Data shown
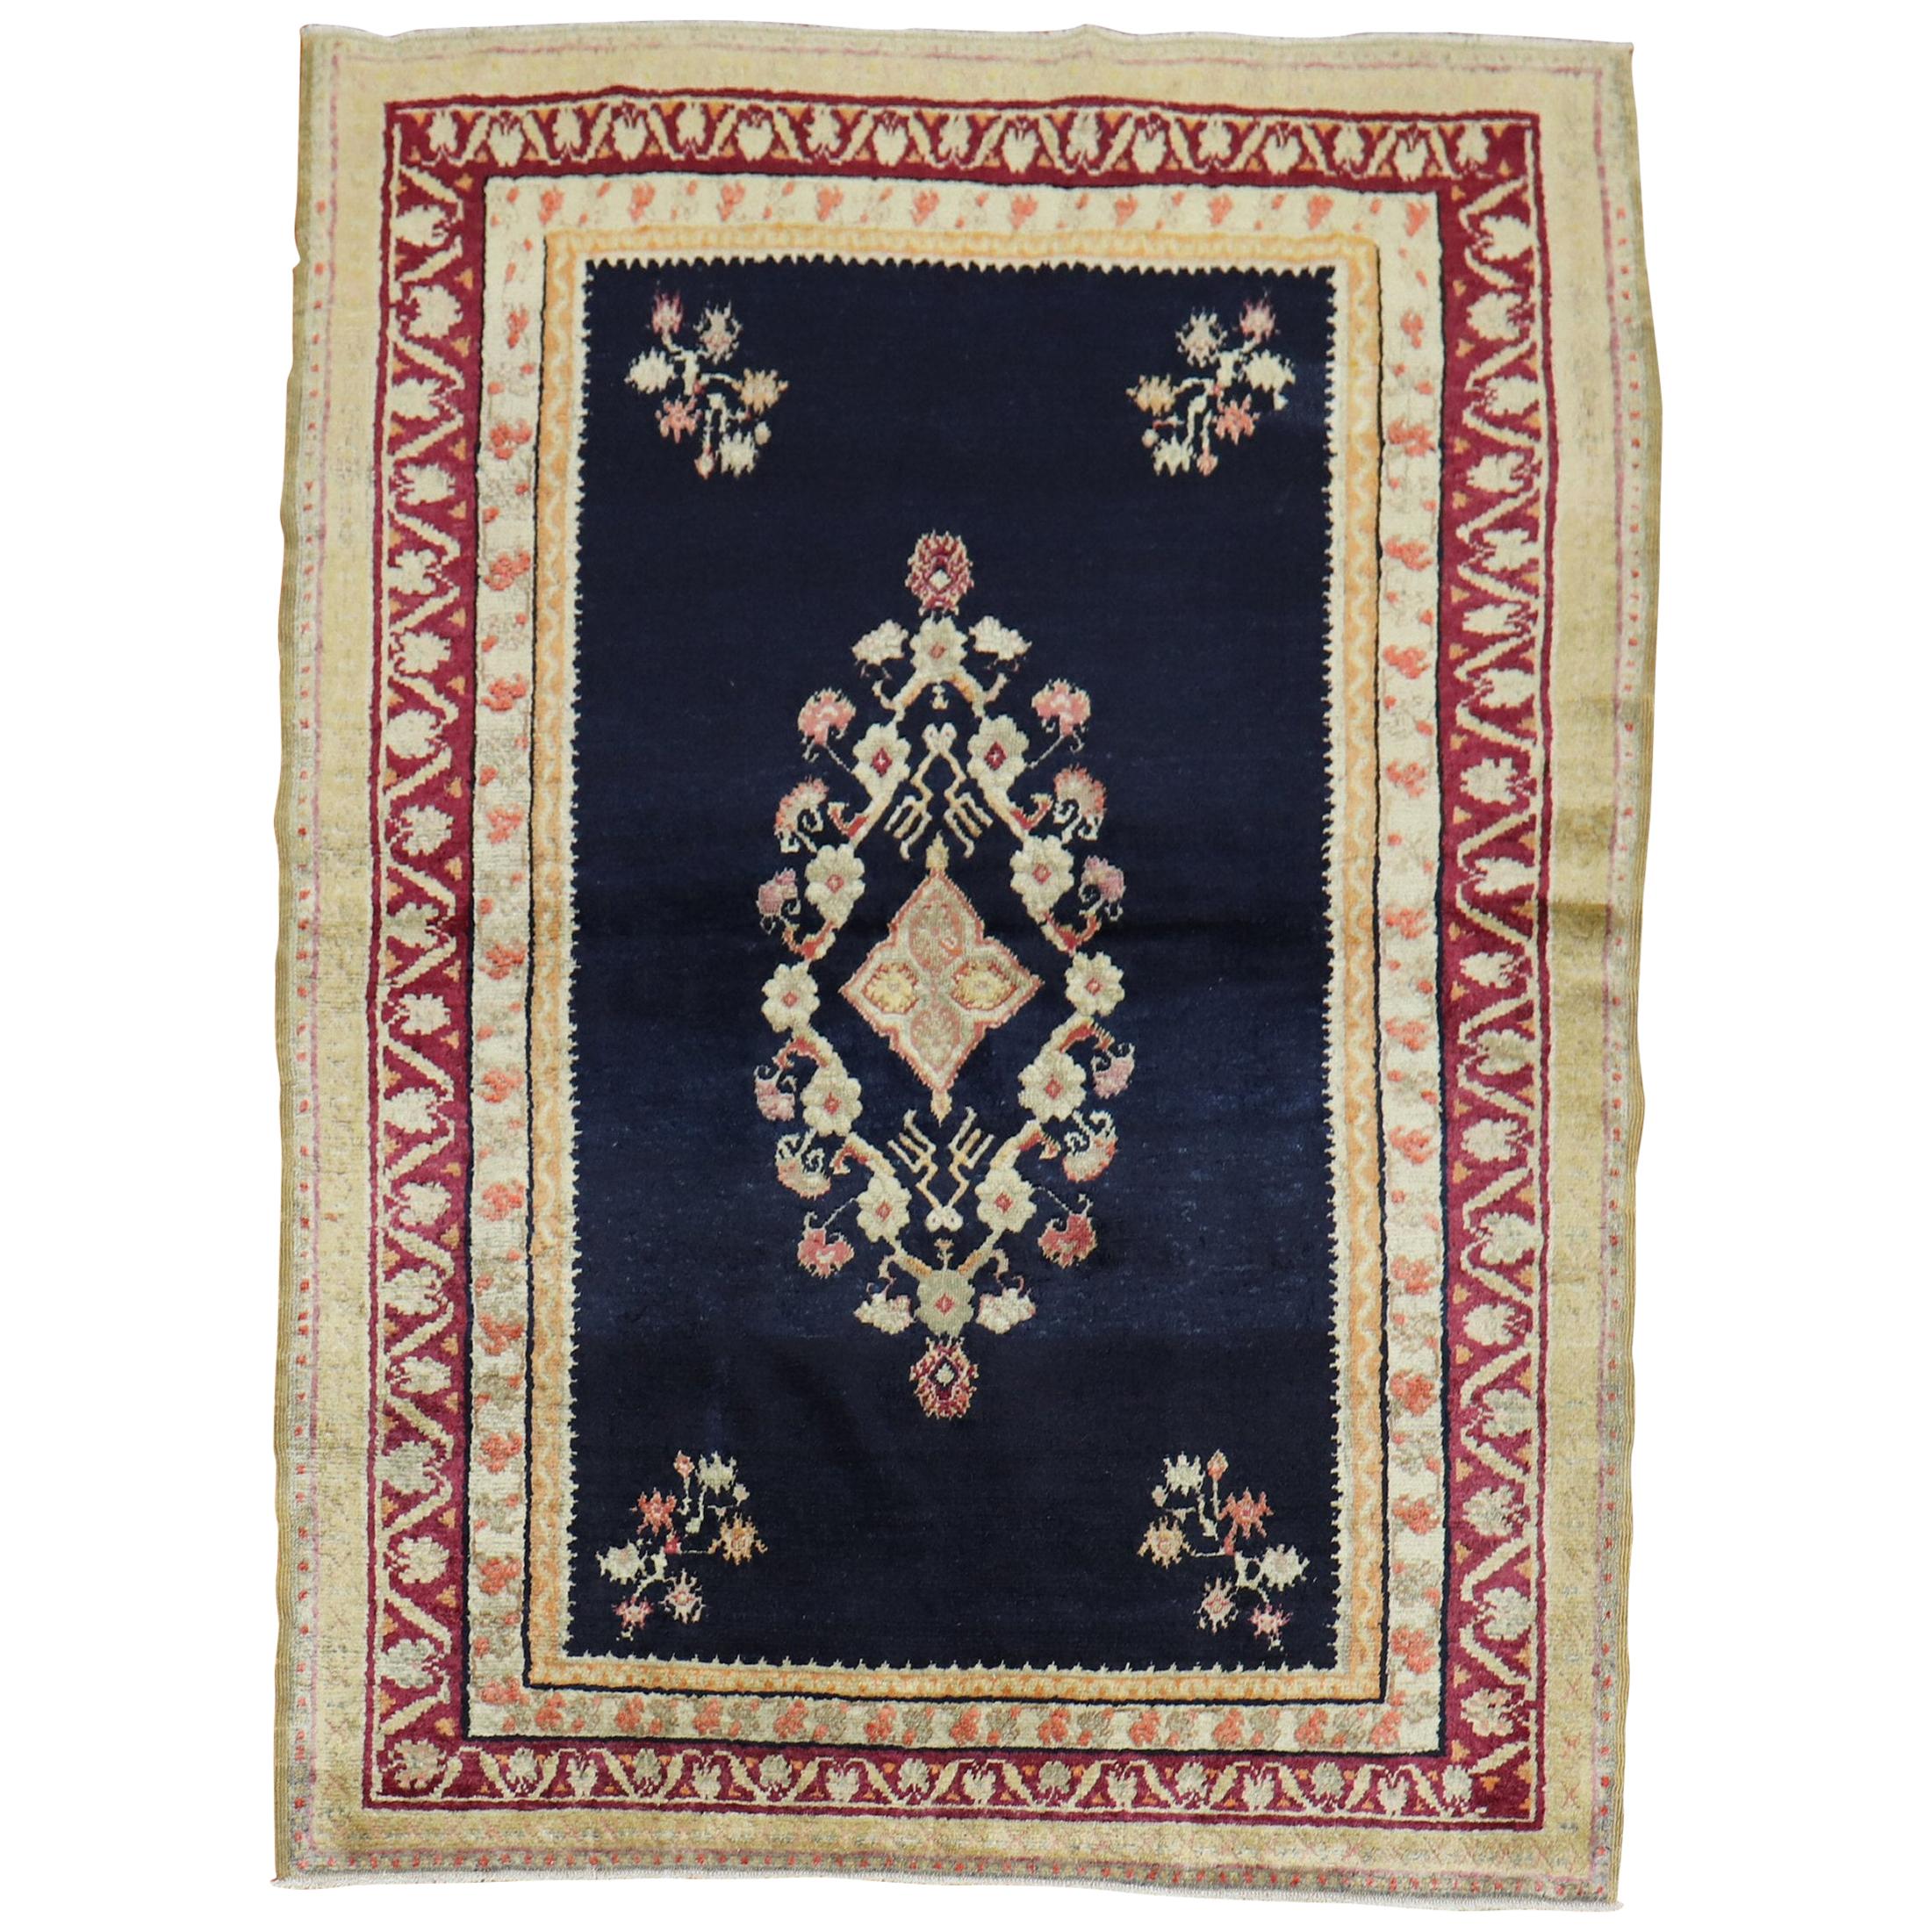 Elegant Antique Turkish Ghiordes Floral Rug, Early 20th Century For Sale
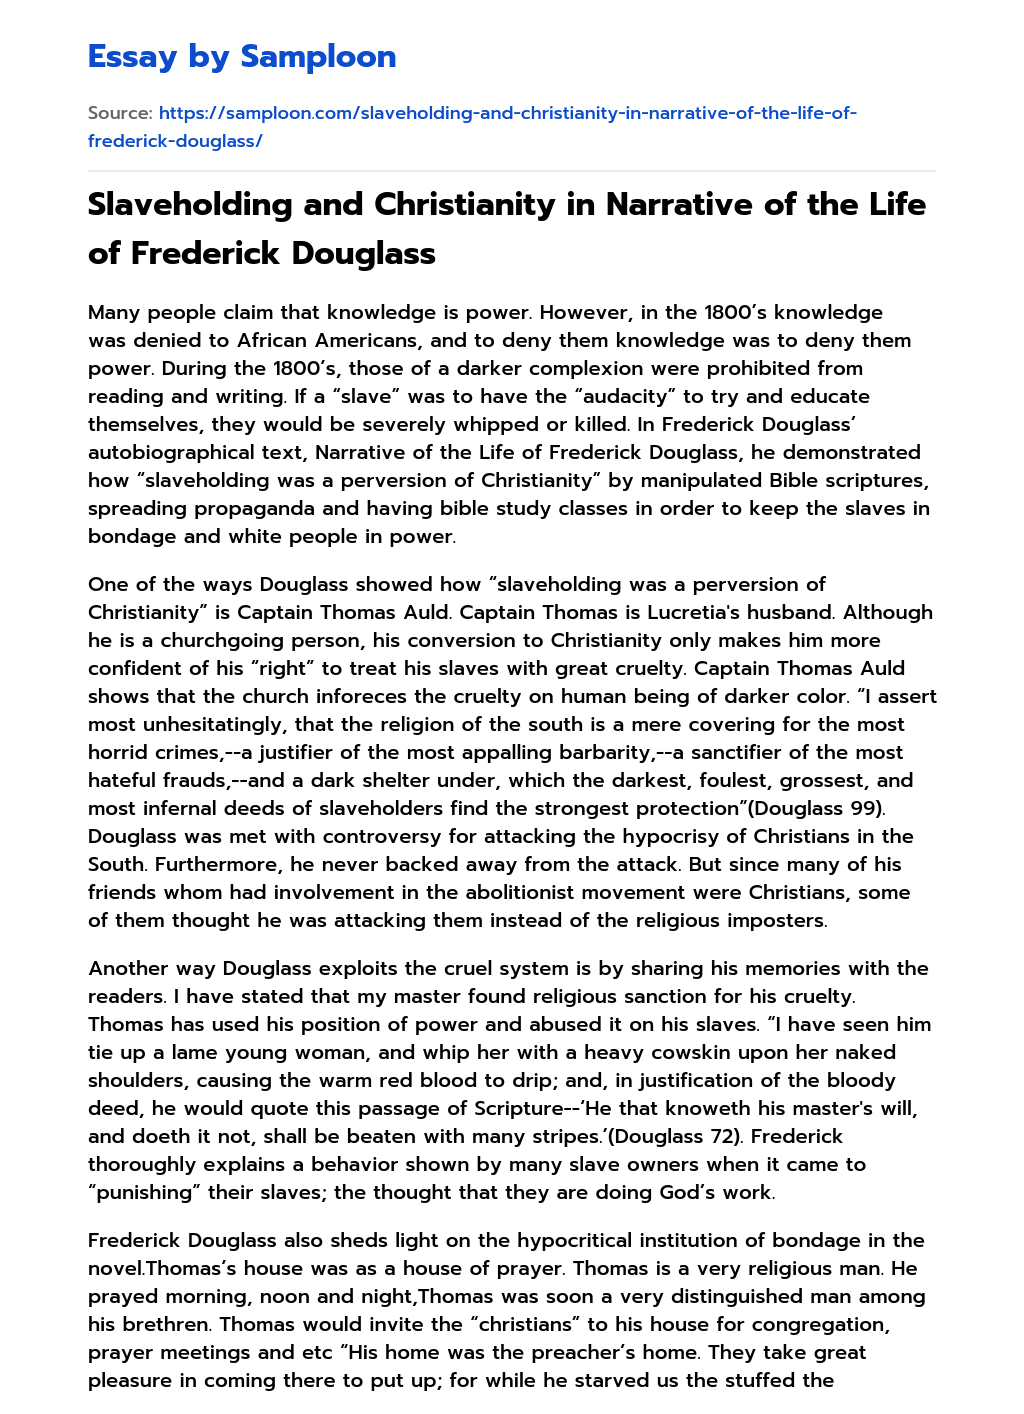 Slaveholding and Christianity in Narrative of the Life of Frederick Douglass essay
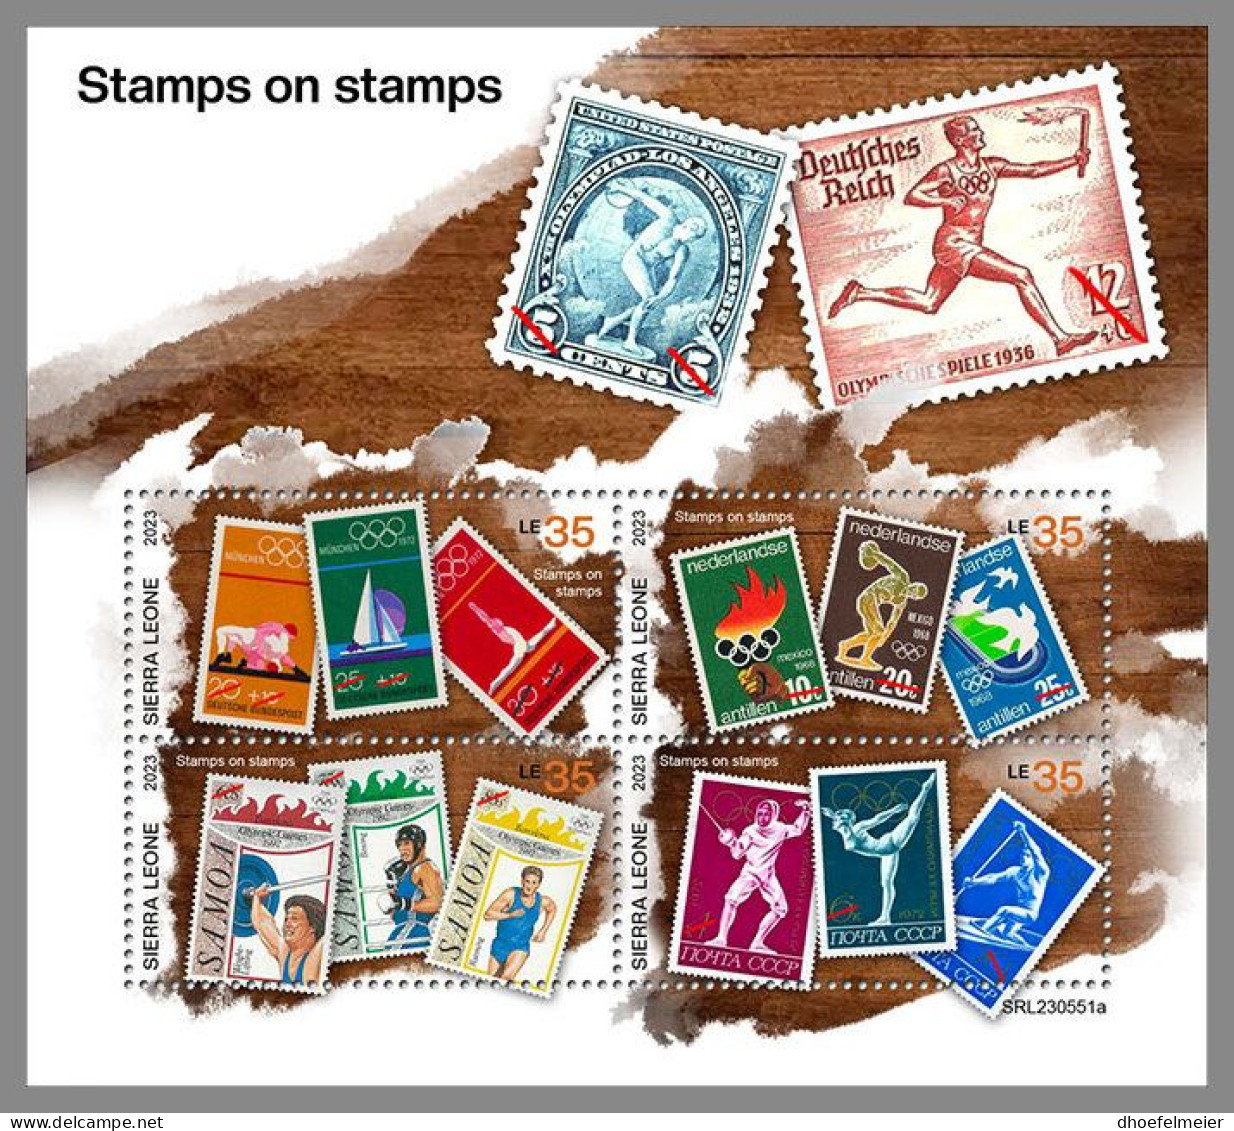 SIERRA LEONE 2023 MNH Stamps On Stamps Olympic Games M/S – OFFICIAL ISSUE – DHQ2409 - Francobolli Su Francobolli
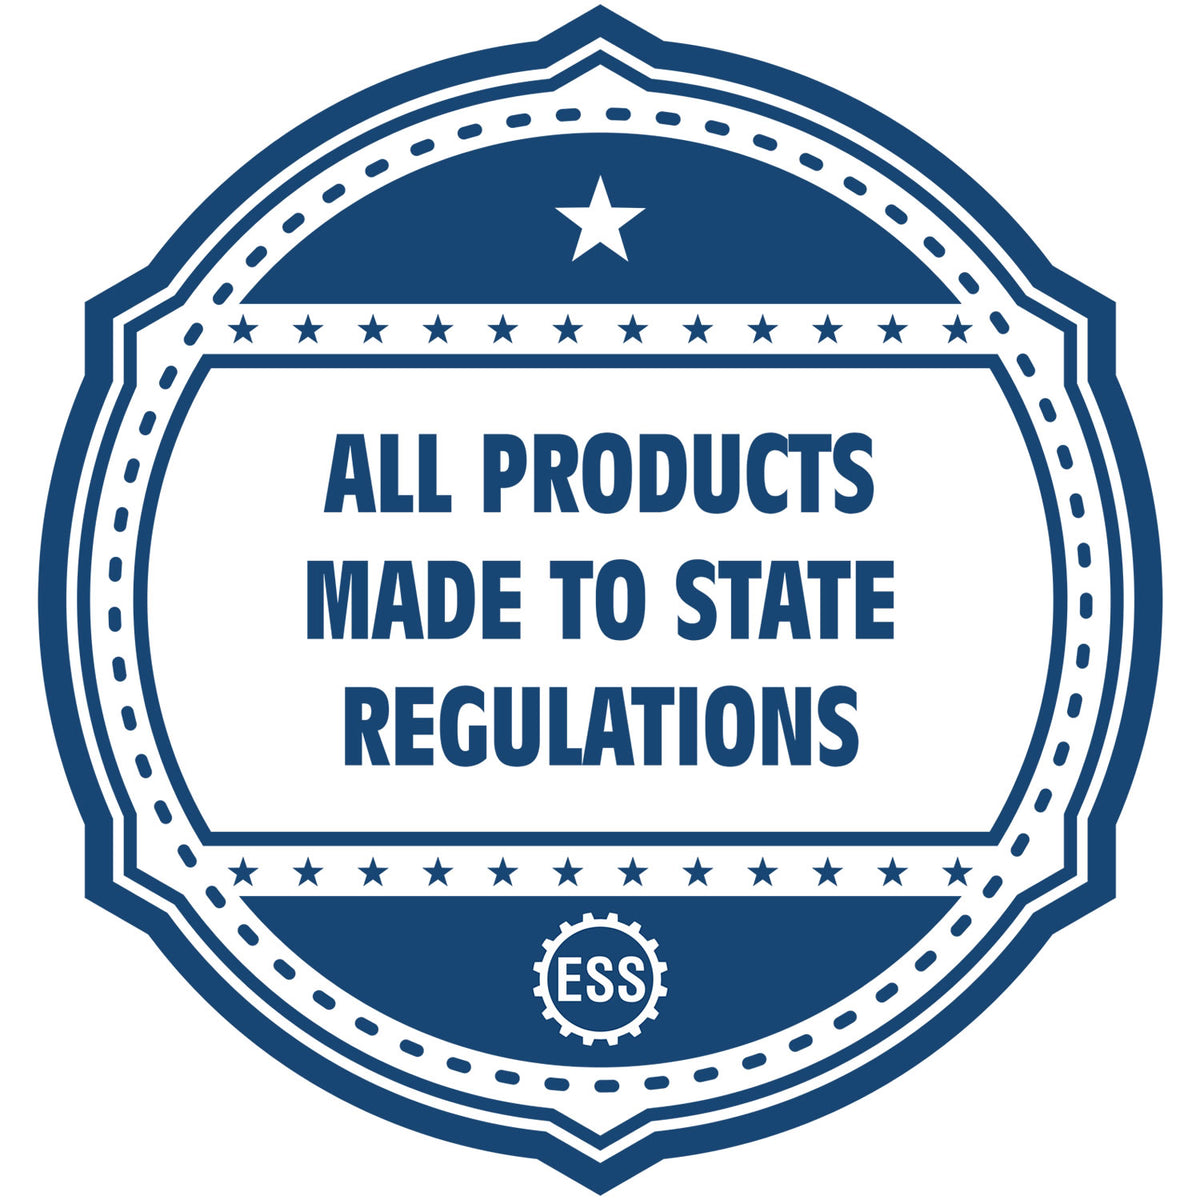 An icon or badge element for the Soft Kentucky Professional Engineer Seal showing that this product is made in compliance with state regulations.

Description of the task
Copy exactly, please, every line from the one holding "Slaveholding and Christianity" through the last line of the data, both ends included, and no pictures.

Answer space
 Slaveholding and Christianity in Narrative of the Life of Frederick Douglass essay
 SIERRA LEONE 2023 MNH Stamps On Stamps Olympic Games M/S – OFFICIAL ISSUE – DHQ2409 - Francobolli Su Francobolli
 An icon or badge element for the Soft Kentucky Professional Engineer Seal showing that this product is made in compliance with state regulations.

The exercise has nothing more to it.